Dataset items:
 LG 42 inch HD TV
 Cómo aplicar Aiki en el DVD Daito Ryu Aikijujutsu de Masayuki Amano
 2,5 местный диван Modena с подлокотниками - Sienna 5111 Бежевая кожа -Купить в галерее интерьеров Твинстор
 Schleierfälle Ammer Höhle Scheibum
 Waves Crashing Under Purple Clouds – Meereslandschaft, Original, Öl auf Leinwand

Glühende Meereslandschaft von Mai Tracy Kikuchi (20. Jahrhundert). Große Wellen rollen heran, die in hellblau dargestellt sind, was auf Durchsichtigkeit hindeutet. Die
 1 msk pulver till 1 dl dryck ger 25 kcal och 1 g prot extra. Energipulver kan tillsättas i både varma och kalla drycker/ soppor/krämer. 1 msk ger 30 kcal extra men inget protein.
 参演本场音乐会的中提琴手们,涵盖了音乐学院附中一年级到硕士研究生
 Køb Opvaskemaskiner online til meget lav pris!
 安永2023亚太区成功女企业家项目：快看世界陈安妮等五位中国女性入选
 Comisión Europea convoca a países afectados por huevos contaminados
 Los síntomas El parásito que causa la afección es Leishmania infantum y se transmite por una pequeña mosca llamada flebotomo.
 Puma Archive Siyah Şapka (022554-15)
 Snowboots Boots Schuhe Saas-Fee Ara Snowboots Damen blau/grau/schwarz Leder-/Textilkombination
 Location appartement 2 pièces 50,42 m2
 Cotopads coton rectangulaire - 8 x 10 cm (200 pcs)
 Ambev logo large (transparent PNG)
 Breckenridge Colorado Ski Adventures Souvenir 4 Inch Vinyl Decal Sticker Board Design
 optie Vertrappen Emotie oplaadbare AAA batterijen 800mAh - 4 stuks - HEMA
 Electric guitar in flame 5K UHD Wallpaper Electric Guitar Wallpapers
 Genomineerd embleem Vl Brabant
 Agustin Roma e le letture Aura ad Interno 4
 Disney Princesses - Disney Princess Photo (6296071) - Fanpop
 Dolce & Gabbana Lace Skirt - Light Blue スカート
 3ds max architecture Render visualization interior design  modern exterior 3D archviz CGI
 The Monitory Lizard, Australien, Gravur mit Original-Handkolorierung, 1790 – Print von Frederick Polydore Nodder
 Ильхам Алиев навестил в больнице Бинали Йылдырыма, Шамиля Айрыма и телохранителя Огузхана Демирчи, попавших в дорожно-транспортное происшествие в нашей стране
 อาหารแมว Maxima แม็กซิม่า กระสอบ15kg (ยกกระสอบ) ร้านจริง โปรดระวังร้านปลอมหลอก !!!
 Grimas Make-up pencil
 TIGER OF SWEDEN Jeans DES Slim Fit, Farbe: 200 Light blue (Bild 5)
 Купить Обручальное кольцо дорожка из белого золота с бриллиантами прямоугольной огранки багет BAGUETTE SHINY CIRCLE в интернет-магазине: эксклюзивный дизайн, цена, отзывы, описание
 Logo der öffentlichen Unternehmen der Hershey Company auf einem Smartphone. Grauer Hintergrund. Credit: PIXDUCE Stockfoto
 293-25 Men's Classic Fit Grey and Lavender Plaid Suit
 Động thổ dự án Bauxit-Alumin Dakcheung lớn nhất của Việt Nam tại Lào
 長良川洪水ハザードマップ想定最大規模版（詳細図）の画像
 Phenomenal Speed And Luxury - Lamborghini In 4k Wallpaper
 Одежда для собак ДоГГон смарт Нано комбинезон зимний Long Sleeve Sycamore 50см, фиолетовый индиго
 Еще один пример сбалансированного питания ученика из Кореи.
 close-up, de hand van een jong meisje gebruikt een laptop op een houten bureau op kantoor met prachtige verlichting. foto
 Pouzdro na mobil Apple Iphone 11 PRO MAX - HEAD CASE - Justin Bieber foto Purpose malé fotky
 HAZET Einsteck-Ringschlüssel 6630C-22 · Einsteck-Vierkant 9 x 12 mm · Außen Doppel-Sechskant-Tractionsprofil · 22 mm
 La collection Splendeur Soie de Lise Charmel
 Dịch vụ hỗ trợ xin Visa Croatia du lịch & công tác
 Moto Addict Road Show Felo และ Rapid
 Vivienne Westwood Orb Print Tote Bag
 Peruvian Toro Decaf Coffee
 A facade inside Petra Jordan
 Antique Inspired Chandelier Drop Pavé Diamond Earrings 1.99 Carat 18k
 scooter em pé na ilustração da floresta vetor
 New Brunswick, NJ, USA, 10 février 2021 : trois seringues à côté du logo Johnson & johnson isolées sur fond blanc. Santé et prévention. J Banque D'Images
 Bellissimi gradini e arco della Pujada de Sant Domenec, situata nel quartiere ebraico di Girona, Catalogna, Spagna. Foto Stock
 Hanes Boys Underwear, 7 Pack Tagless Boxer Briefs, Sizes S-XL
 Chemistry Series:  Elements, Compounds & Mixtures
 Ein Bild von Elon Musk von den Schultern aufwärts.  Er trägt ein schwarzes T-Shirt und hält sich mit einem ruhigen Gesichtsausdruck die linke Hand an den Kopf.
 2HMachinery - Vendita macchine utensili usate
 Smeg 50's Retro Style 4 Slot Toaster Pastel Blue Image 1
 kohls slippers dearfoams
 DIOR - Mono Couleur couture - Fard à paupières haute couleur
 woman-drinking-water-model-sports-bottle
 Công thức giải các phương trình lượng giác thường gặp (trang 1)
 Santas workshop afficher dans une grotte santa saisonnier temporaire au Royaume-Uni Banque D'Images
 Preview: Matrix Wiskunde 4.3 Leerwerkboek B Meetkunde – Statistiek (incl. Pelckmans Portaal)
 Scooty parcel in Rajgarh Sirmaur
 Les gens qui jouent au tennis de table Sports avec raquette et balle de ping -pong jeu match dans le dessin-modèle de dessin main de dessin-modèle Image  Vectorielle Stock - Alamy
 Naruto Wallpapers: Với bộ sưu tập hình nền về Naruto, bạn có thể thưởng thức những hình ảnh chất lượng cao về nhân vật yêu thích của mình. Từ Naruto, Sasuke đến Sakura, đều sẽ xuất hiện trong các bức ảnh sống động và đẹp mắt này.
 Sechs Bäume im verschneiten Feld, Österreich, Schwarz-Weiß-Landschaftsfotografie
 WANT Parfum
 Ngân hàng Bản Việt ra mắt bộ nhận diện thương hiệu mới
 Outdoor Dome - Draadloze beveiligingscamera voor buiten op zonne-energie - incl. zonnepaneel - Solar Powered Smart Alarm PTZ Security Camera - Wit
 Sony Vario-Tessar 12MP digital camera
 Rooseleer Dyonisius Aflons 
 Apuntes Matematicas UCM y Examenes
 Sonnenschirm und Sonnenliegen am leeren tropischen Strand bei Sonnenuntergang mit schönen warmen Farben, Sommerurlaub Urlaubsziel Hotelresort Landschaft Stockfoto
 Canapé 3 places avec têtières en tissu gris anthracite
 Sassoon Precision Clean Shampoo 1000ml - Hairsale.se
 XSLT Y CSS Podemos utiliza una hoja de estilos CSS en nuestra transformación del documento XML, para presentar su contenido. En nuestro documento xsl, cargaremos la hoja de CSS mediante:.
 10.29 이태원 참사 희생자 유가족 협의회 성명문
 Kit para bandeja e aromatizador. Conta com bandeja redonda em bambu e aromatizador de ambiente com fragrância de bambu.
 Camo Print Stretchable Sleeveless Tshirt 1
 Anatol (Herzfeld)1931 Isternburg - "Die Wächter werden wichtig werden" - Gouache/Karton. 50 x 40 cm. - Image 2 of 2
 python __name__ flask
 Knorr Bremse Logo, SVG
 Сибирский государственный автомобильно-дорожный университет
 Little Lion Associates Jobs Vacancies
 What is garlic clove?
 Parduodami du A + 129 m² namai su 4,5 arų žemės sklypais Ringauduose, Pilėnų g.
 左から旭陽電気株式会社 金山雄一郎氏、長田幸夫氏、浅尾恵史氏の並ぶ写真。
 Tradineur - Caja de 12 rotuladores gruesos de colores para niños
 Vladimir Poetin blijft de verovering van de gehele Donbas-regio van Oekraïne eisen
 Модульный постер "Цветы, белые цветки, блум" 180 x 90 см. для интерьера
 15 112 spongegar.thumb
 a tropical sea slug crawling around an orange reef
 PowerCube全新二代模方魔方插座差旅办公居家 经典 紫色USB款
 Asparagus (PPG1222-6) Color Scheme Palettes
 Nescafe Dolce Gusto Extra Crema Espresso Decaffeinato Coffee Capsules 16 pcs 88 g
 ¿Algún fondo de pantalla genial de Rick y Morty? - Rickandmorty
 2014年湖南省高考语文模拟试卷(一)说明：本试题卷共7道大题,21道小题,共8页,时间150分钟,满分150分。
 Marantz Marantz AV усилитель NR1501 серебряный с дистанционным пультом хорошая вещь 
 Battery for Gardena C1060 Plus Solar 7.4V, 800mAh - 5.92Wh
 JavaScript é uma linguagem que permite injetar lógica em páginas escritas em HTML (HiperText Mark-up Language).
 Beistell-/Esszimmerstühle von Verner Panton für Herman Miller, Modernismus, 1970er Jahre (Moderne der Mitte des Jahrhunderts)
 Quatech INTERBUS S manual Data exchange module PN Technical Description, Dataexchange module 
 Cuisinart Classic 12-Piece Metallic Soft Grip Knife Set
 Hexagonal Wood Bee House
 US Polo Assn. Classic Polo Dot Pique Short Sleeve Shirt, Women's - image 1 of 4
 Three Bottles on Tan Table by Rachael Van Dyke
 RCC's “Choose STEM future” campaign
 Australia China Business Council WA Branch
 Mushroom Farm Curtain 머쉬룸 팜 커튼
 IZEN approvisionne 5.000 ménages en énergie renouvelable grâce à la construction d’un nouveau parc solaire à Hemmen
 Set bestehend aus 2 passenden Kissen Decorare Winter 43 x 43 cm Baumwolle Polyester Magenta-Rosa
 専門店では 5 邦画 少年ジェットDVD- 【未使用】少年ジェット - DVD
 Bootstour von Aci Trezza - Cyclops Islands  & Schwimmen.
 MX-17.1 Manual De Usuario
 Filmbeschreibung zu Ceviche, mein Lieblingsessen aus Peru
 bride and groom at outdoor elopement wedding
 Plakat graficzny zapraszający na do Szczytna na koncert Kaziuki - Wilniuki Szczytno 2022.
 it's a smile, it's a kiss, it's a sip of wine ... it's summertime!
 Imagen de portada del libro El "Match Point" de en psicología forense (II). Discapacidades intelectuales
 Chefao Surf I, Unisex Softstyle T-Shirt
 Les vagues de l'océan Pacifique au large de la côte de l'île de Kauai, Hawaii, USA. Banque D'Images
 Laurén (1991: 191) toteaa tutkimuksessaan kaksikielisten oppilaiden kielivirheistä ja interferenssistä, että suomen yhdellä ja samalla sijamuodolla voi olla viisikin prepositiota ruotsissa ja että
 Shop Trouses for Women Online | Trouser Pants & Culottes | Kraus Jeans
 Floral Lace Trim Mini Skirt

The task:
Repeat the entries verbatim through the line with "Electric guitar in".

Task result:
 LG 42 inch HD TV
 Cómo aplicar Aiki en el DVD Daito Ryu Aikijujutsu de Masayuki Amano
 2,5 местный диван Modena с подлокотниками - Sienna 5111 Бежевая кожа -Купить в галерее интерьеров Твинстор
 Schleierfälle Ammer Höhle Scheibum
 Waves Crashing Under Purple Clouds – Meereslandschaft, Original, Öl auf Leinwand

Glühende Meereslandschaft von Mai Tracy Kikuchi (20. Jahrhundert). Große Wellen rollen heran, die in hellblau dargestellt sind, was auf Durchsichtigkeit hindeutet. Die
 1 msk pulver till 1 dl dryck ger 25 kcal och 1 g prot extra. Energipulver kan tillsättas i både varma och kalla drycker/ soppor/krämer. 1 msk ger 30 kcal extra men inget protein.
 参演本场音乐会的中提琴手们,涵盖了音乐学院附中一年级到硕士研究生
 Køb Opvaskemaskiner online til meget lav pris!
 安永2023亚太区成功女企业家项目：快看世界陈安妮等五位中国女性入选
 Comisión Europea convoca a países afectados por huevos contaminados
 Los síntomas El parásito que causa la afección es Leishmania infantum y se transmite por una pequeña mosca llamada flebotomo.
 Puma Archive Siyah Şapka (022554-15)
 Snowboots Boots Schuhe Saas-Fee Ara Snowboots Damen blau/grau/schwarz Leder-/Textilkombination
 Location appartement 2 pièces 50,42 m2
 Cotopads coton rectangulaire - 8 x 10 cm (200 pcs)
 Ambev logo large (transparent PNG)
 Breckenridge Colorado Ski Adventures Souvenir 4 Inch Vinyl Decal Sticker Board Design
 optie Vertrappen Emotie oplaadbare AAA batterijen 800mAh - 4 stuks - HEMA
 Electric guitar in flame 5K UHD Wallpaper Electric Guitar Wallpapers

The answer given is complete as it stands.